# Help with weed ID in Bermuda and Zeon



## GoDawgs (Jun 18, 2020)

On hand I have Celsius, certainty, dismiss, weed B gon CCO and sedgehammer. Also some NOS. Can anyone give me some idea what to use to get rid of these? Can I mix a few things together to wipe them all out? Multiple apps?

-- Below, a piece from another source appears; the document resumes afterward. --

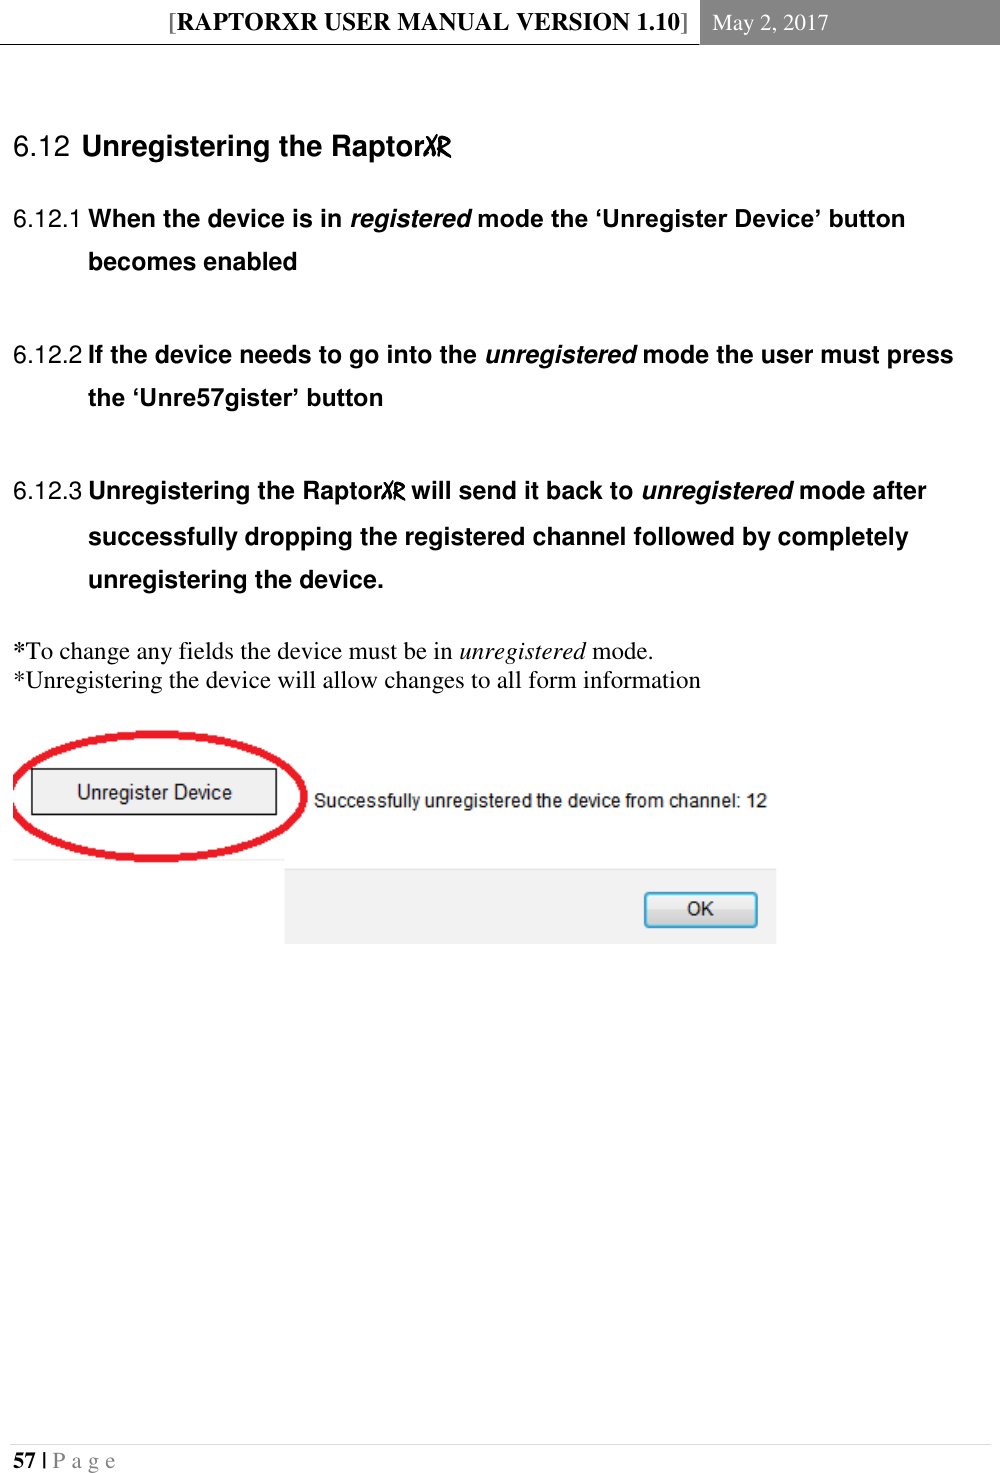 [RAPTORXR USER MANUAL VERSION 1.10] May 2, 2017  57 | P a g e      Unregistering the RaptorXR 6.12 When the device is in registered mode the ‘Unregister Device’ button 6.12.1becomes enabled   If the device needs to go into the unregistered mode the user must press 6.12.2the ‘Unre57gister’ button   Unregistering the RaptorXR will send it back to unregistered mode after 6.12.3successfully dropping the registered channel followed by completely unregistering the device.  *To change any fields the device must be in unregistered mode.  *Unregistering the device will allow changes to all form information

Thank you for any guidance.


----------



## gooodawgs (Jul 10, 2020)

I like Dismiss this time of year, it'll smoke it faster than Certainty. You can throw in some Celsius if you'd like just to be sure, but usually Dismiss takes care of most things in my yard. It's always nice to spray as the yards going dormant - don't have to worry too much.


----------



## GoDawgs (Jun 18, 2020)

@gooodawgs thank you. I will mix up dismiss and Celsius and hopefully that will knock everything out.


----------



## dicko1 (Oct 25, 2019)

I see Hairy Bittercress, Mouse Eared Chickweed, Caroline Geranium. The grassy weed looks like some sort of Sedge. Do the leaves spread out in a triangle? Is the stem trianglular? If so, its a sedge.


----------



## GoDawgs (Jun 18, 2020)

Thank you for that info. Just found the picture this app and was able to id everything except the grassy ones.



The below says Poa annua?


----------



## GoDawgs (Jun 18, 2020)

@****o1 the stems don't seem to be triangle like sedge. Maybe it's a difference sedge than I'm use to seeing.


----------



## dicko1 (Oct 25, 2019)

The last pic looks like a blue grass seed head. Annual blue grass?


----------



## GoDawgs (Jun 18, 2020)

Yes very well could be bluegrass. Hopefully dismiss and Celsius will knock it out. Thanks again.


----------